Пауза длилась и длилась.
– Боже… – с жалостью глядя на мужа, выдохнула волшебно похорошевшая Света. – Бедняжка ты мой… Сколько ж вам приходится врать на этом вашем телевидении!..
Трудно сказать, откуда и зачем берутся на белом свете порядочные люди, если их появлению естественный отбор, мягко говоря, не способствует. Но вот берутся откуда-то и даже иногда умудряются дожить до совершеннолетия, а то и до преклонных лет, хотя одному богу известно, чего им это стоит. Порядочный человек – публичная пощечина обществу. Своим поведением он как бы опускает окружающих, напоминая им о том, кто они такие. Думается, именно поэтому Христос завещал творить добро втихомолку и ни в коем случае не напоказ. Иначе пришибут.
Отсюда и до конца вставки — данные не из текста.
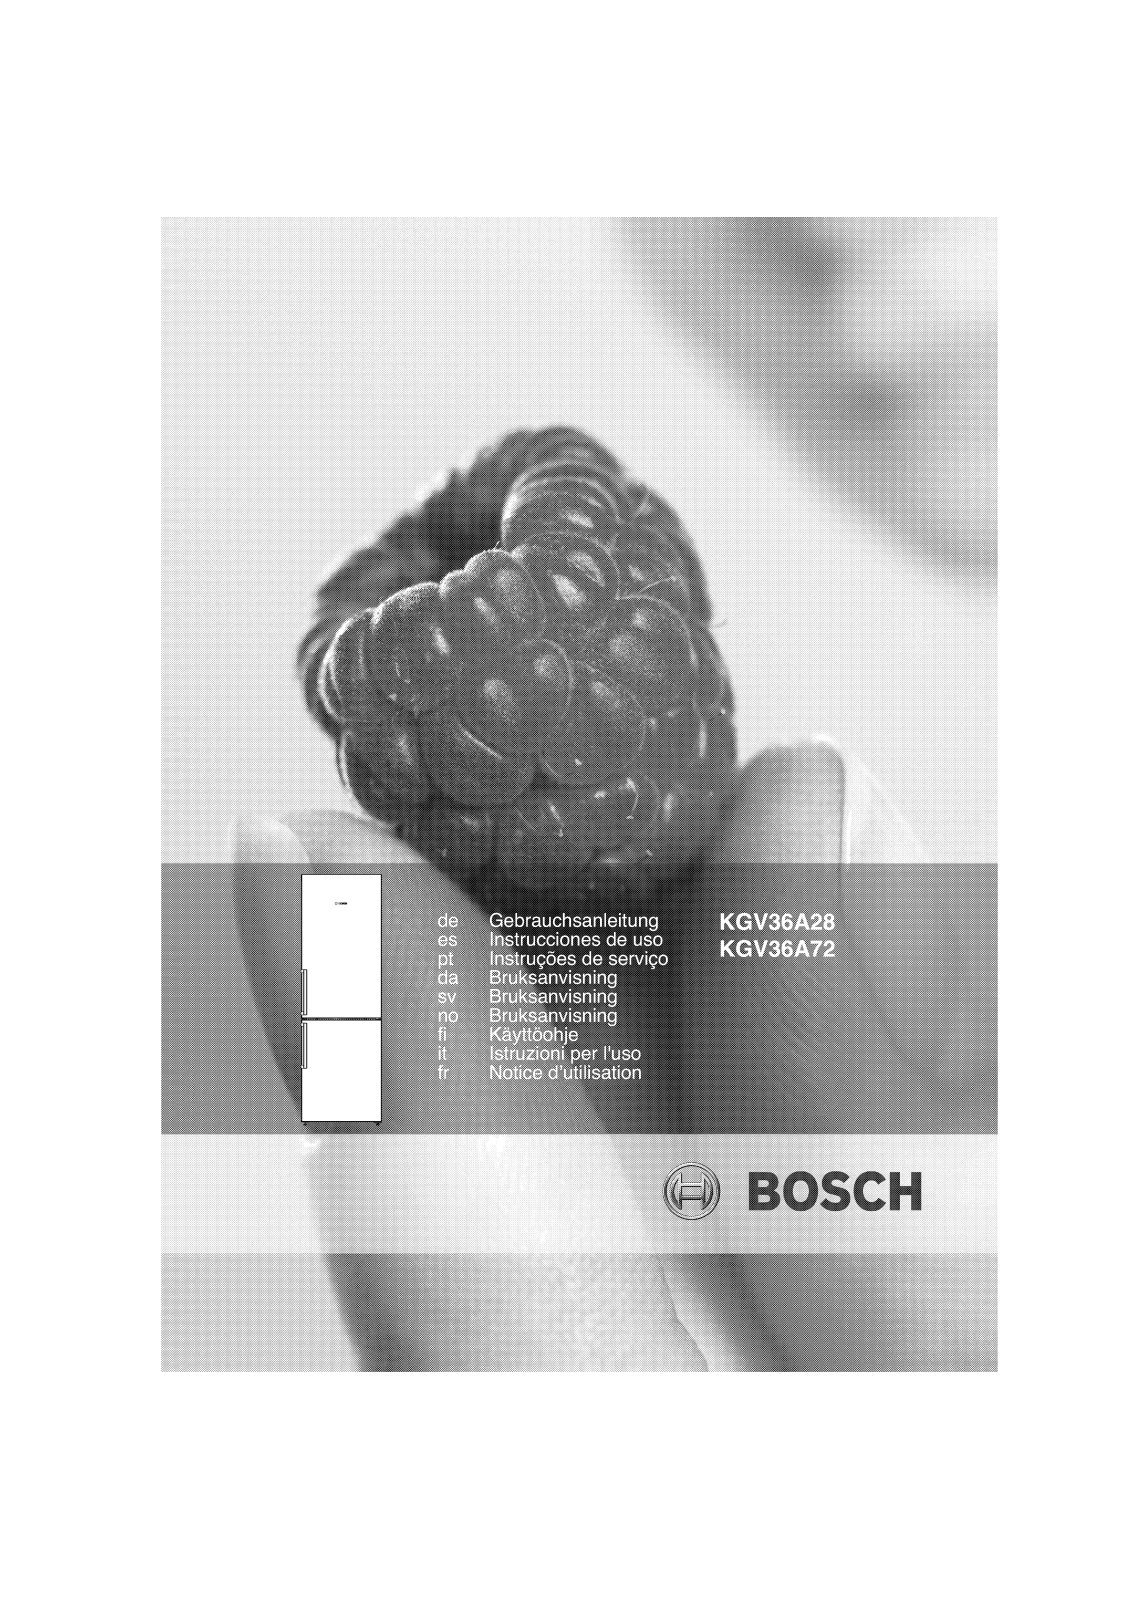 BOSCH KGV36A72 User Manual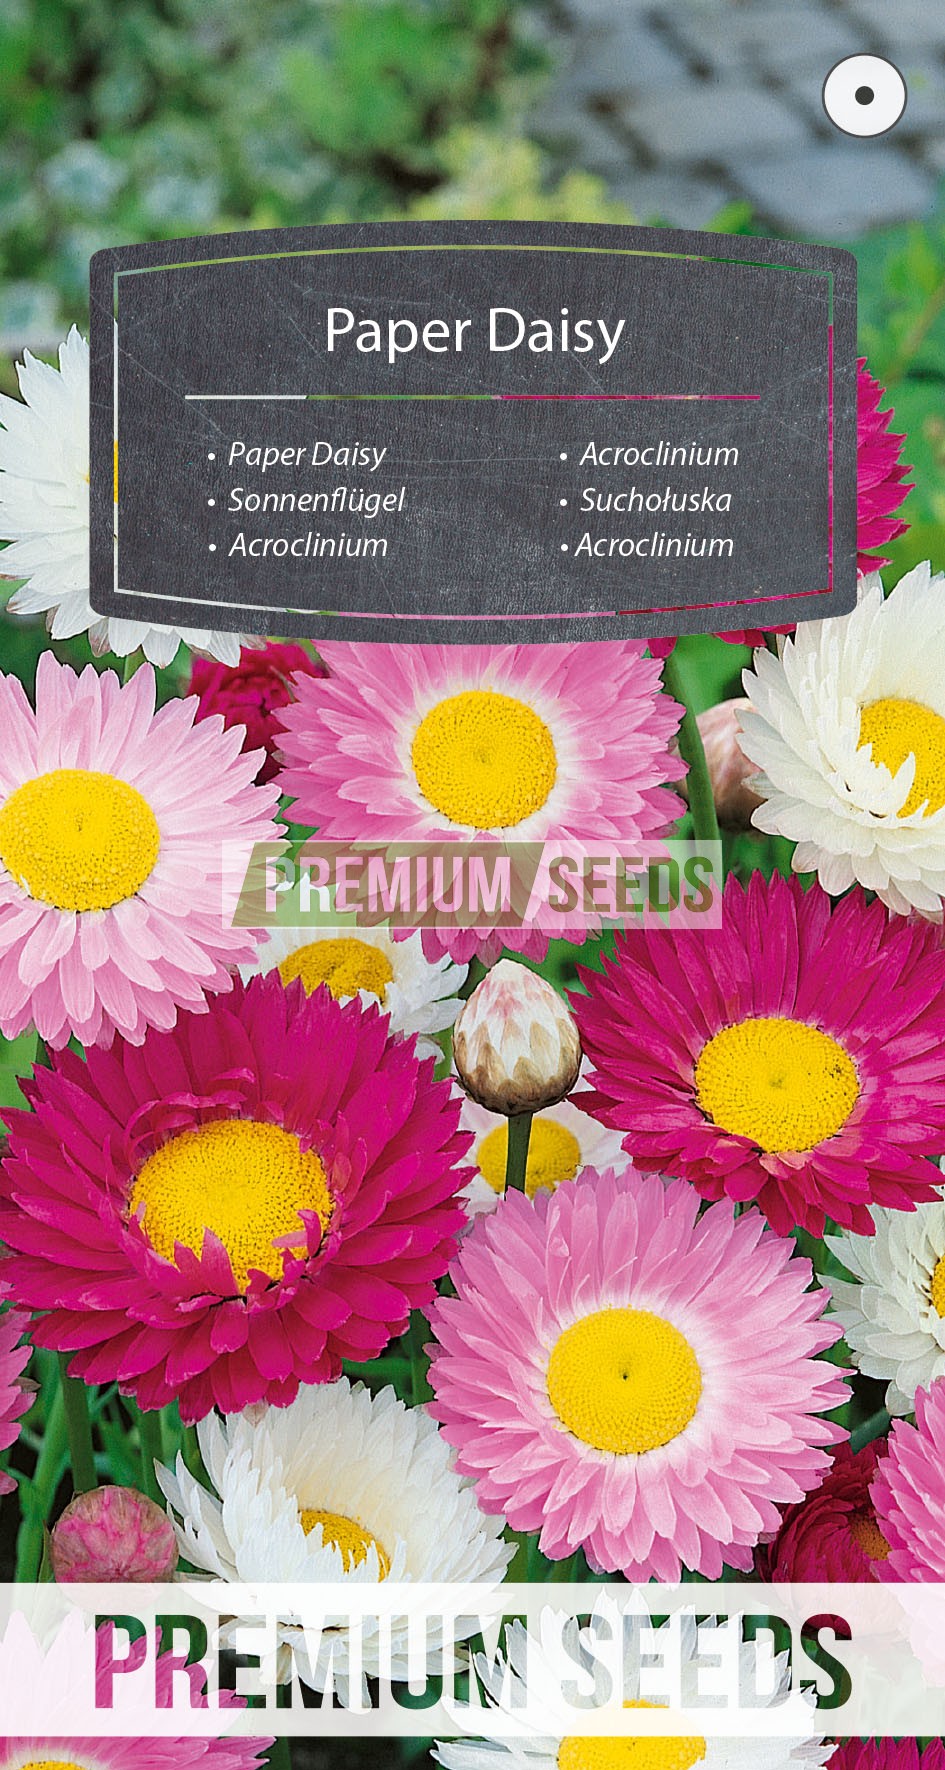 Acroclinium - productor de semillas - PremiumSeeds

Естественно, что, стоило схлынуть первому потрясению, Оборышев почувствовал себя оскорбленным. Нет, но как вам это понравится: опять он весь в экскрементах, а она вся в белом! А уж наивное восклицание Светы – и вовсе уязвило до глубины души. К счастью, Мстише хватило ума обиды своей не выдать и покорно испить горькую чашу до дна.
Светлана утешала мужа весь вечер, так что в конце концов он чуть ли не сам уверовал, будто поразившее его безобразие вызвано скорее профессиональными, нежели бытовыми проступками.